Foreground and internal free-free absorption in particle-accelerating colliding-wind binaries

Insights from the radio emission of WR147

¹ Space Sciences, Technologies and Astrophysics Research (STAR) Institute, University of Liège, Quartier Agora, 19c, Allée du 6 Août, B5c, 4000 Sart Tilman, Belgium
² Instituto Argentino de Radioastronomia (CONICET; CICPBA; UNLP), C.C. No 5, 1894 Villa Elisa, Argentina
³ Department of Space, Earth and Environment, Chalmers University of Technology, 412 96 Gothenburg, Sweden

^★ Corresponding author: Mathilde.Tasseroul@uliege.be

Received: 4 June 2025
Accepted: 1 August 2025

Abstract

Context. Radio emission from massive binary systems is generally of composite nature, exhibiting both a thermal emission component from the winds and a non-thermal component from relativistic electrons accelerated in the colliding-wind region. Understanding the processes governing their radio spectrum is key to investigating the role of these objects in the production of non-thermal particle populations in our galaxy.

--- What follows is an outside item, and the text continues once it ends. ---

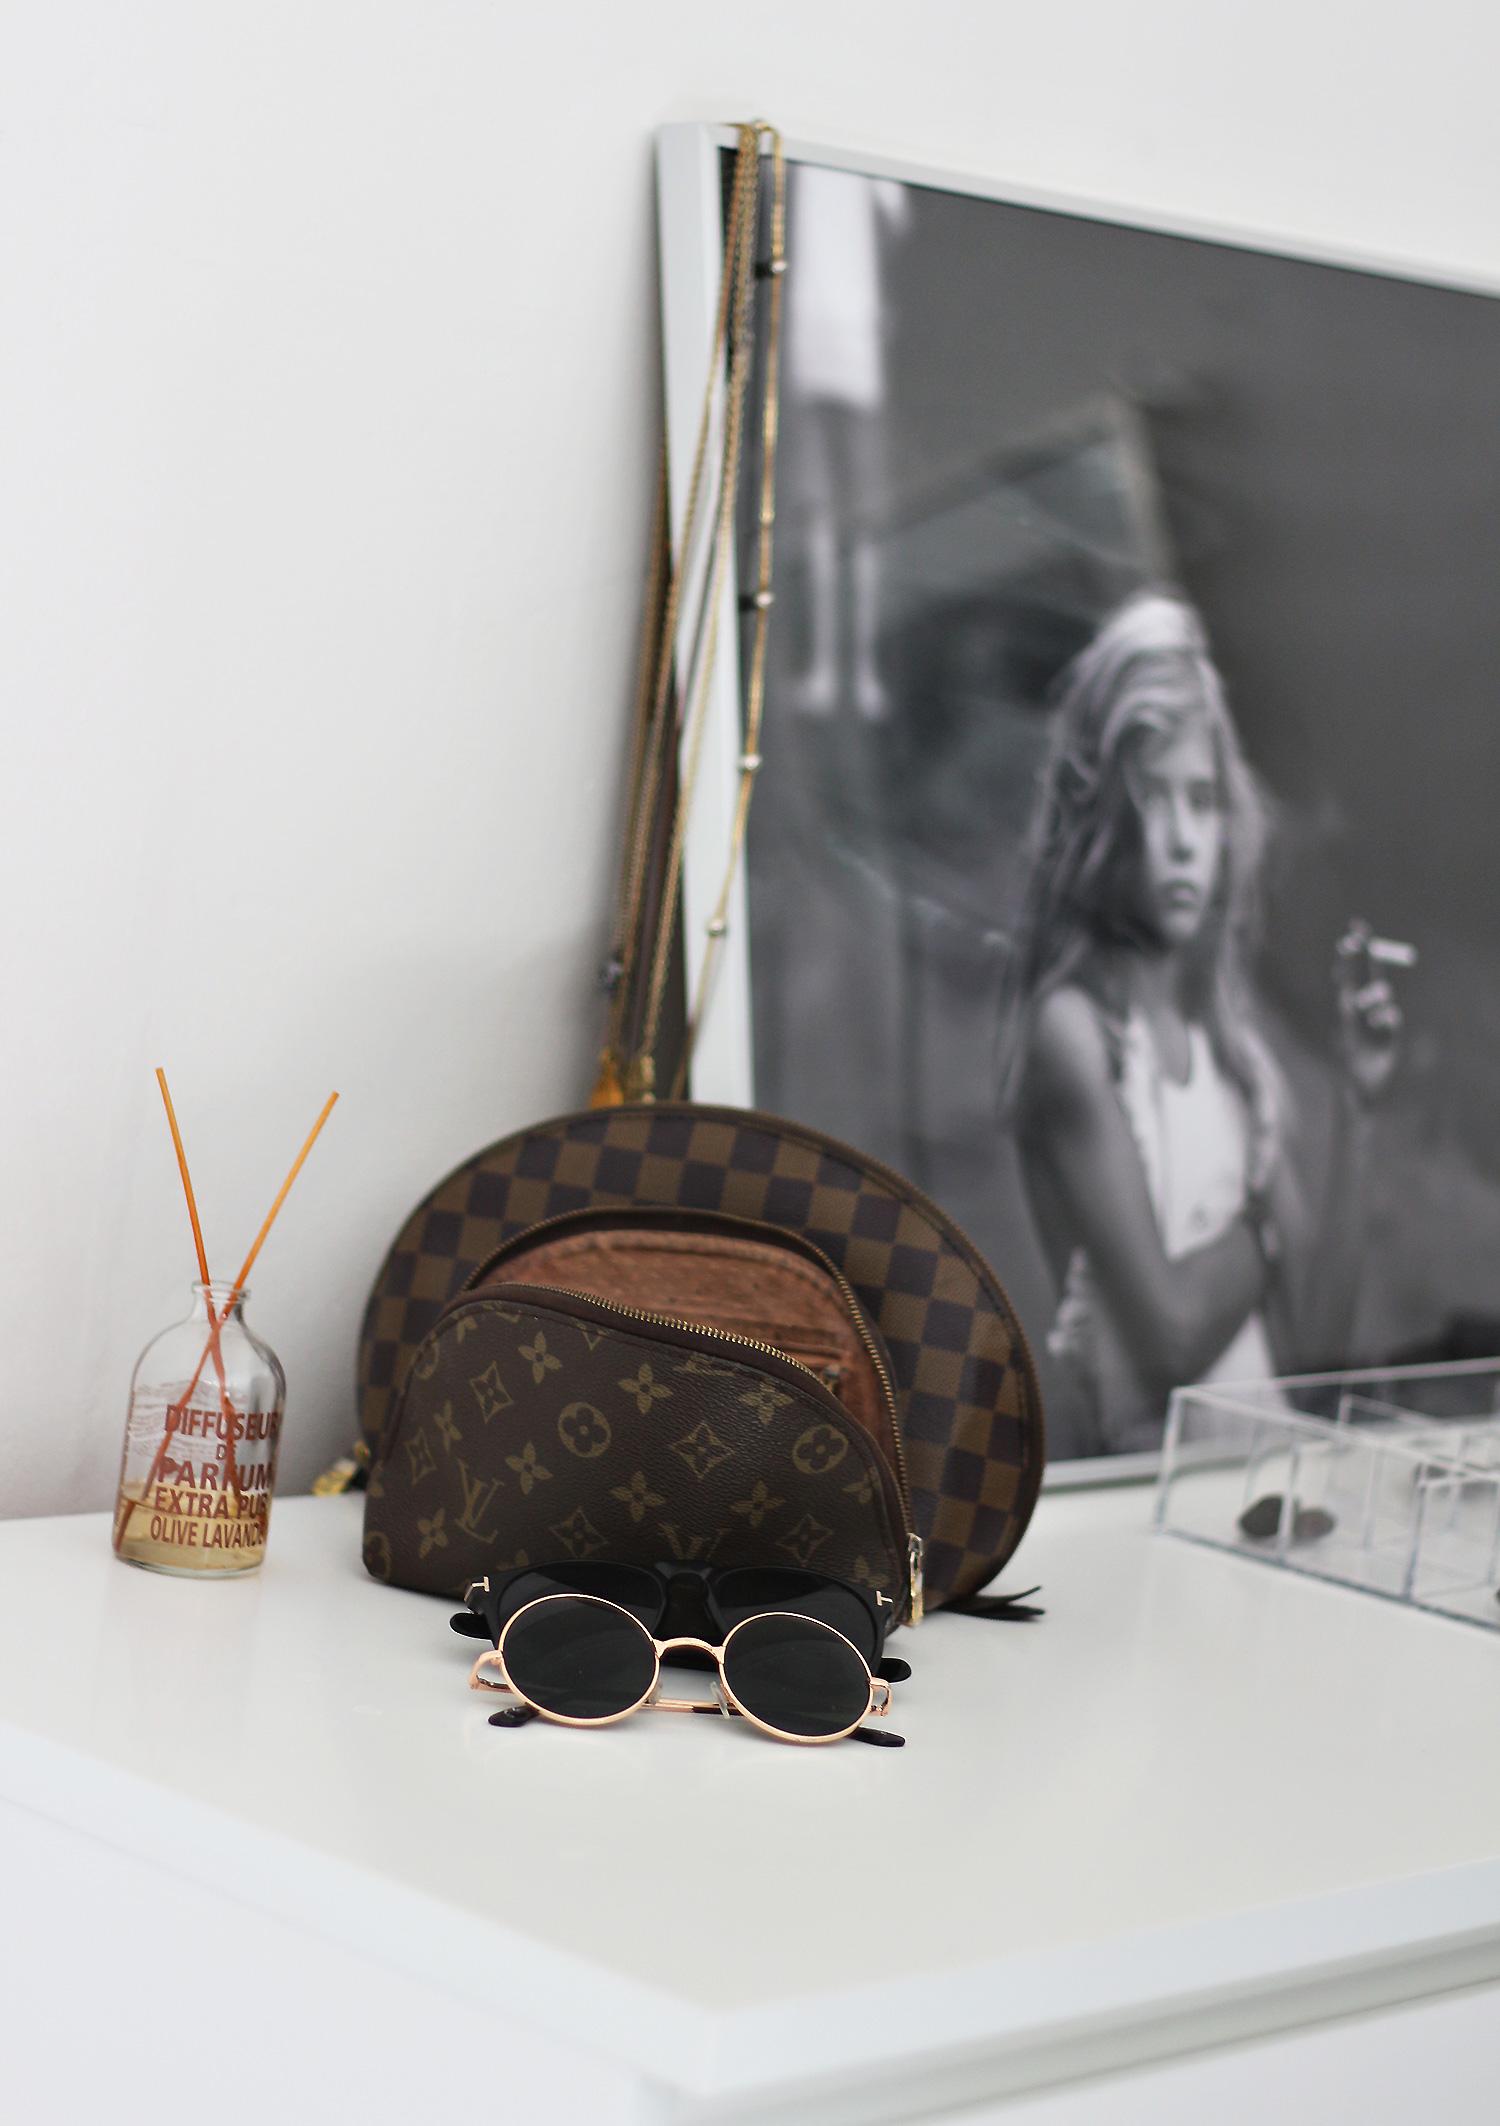 Louis-Vuitton-pung@2x

Aims. Our objective is to explore how the processes at work in particle-accelerating colliding-wind binaries (PACWBs) alter their spectral energy distribution, based on a simple phenomenological description. We focus on the role of free–free absorption (FFA) at low frequencies. We use WR 147 as a test case, followed by a tentative extrapolation to more generic behaviour.

Methods. We processed a set of recent Karl G. Jansky Very Large Array data, optimised for spectral analysis, combined with literature measurements at other frequencies. We analysed the radio spectrum, considering a more classical foreground free-free absorption (f-FFA) model along with the first application of an internal free-free absorption (i-FFA) model.

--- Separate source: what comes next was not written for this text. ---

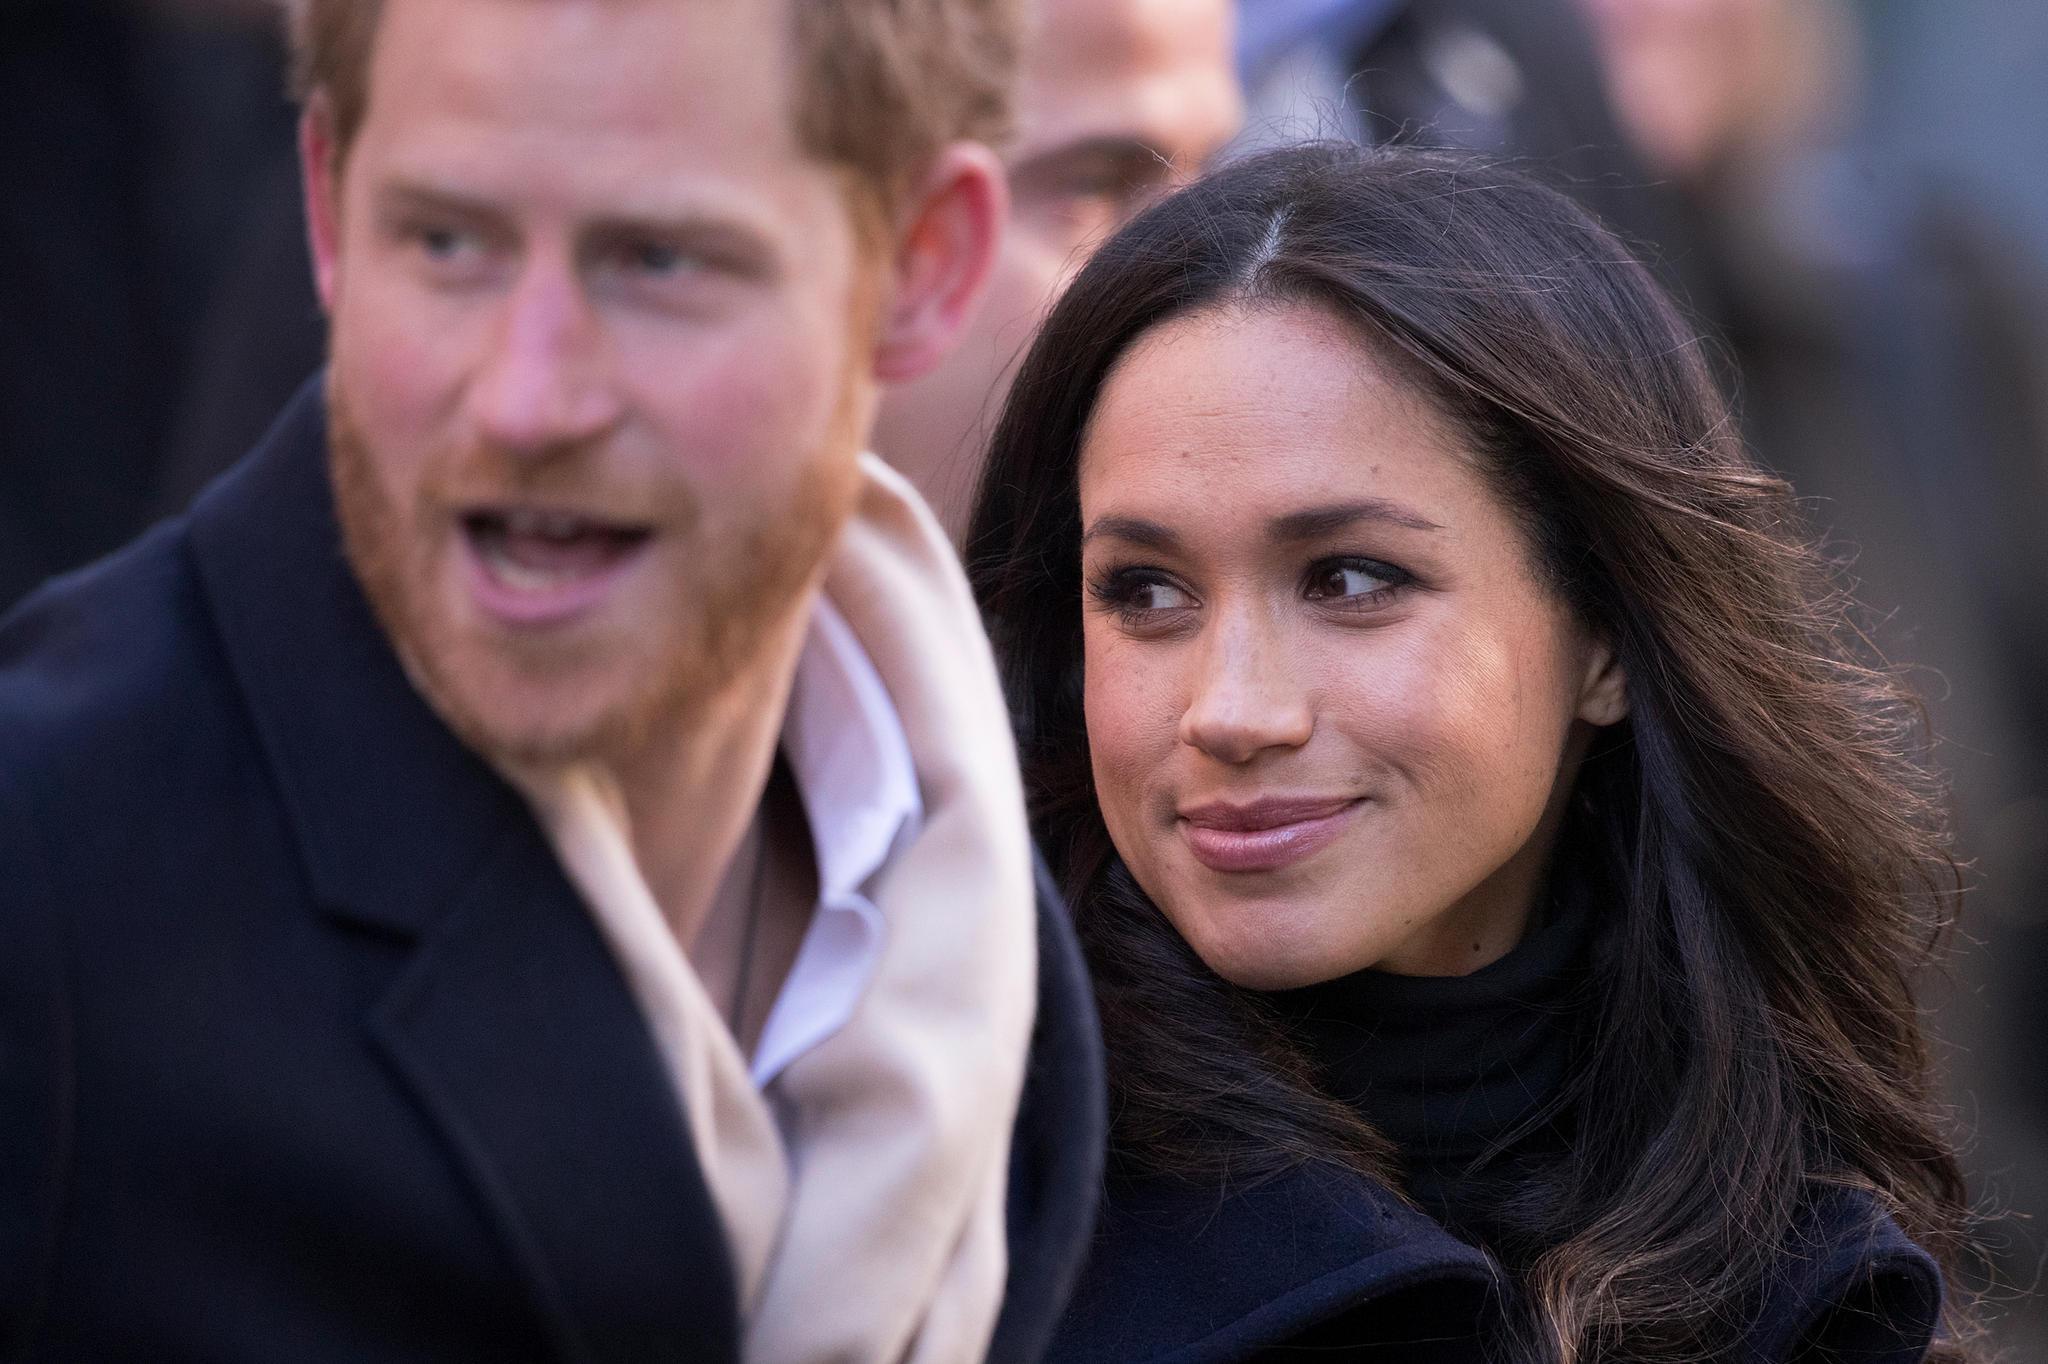 Sensation: Meghan Markle feiert Weihnachten mit der Queen | STERN.de

Results. Our results show that the f-FFA model does not reproduce the spectral energy distribution of WR 147 at low frequencies. The i-FFA model is more efficient in providing a more complete description of the spectral energy distribution down to 610 MHz. This model is the only one to account for a change in the spectral index at low frequencies without any exponential drop in flux, as predicted by the f-FFA model. In addition, the upper limit at 150 MHz shows that two turnovers occur in the radio spectrum of WR 147, suggesting the effect of both i-FFA and f-FFA is seen in two regions of the spectrum.

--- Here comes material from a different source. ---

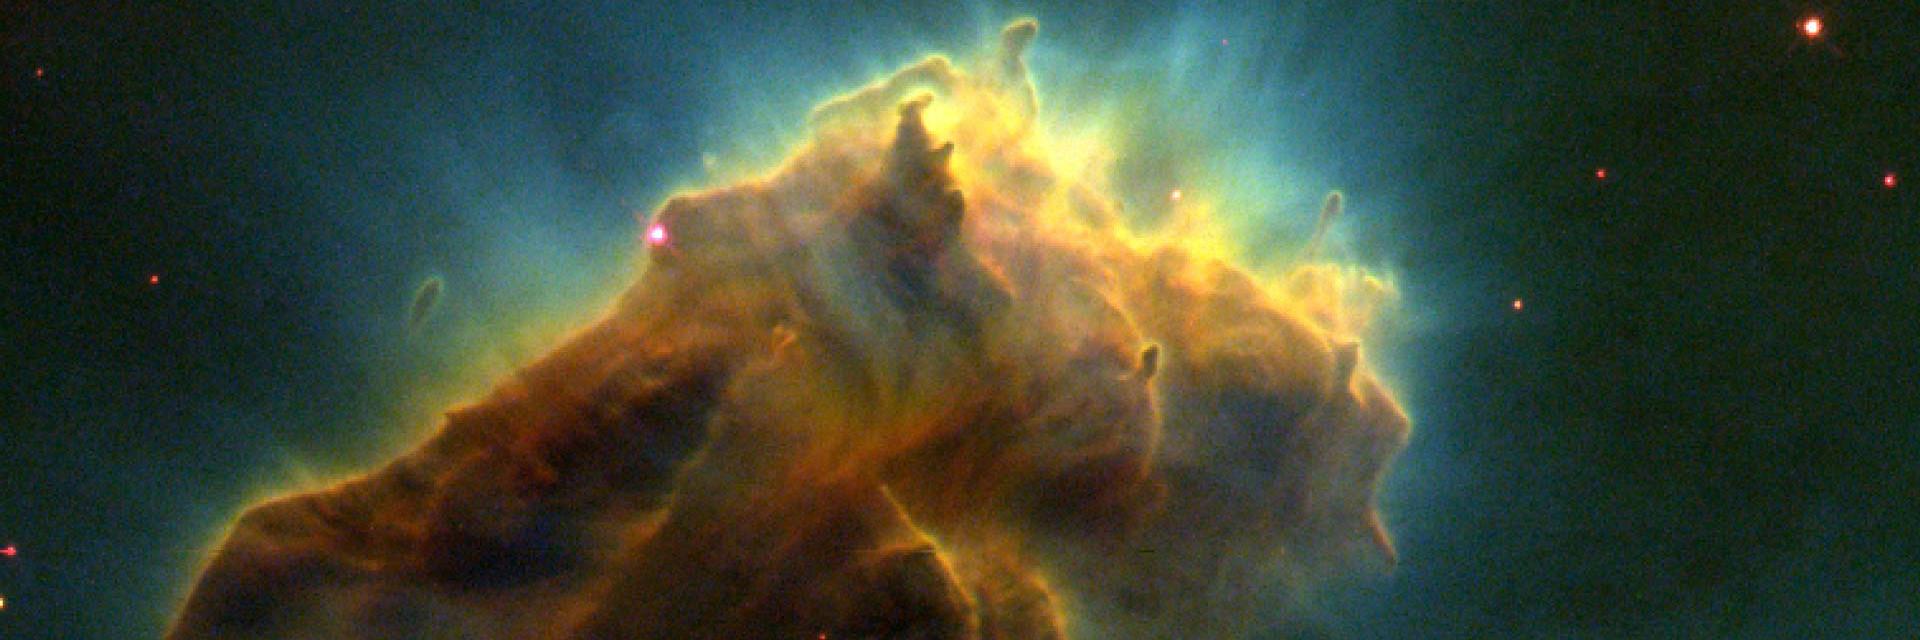 Nebula banner

Conclusions. The radio spectrum at low frequencies for very long period systems might display some internally attenuated synchrotron emission, without necessarily being suppressed by a steep exponential cut-off. We propose a generic spectral energy distribution for FFA-affected radio spectra of colliding-wind massive binaries, where the overall spectral shape can be expressed in terms of the relative importance of f-FFA and i-FFA. We also comment on the observational consequences of this generic behaviour in the broader context of the full class of PACWBs.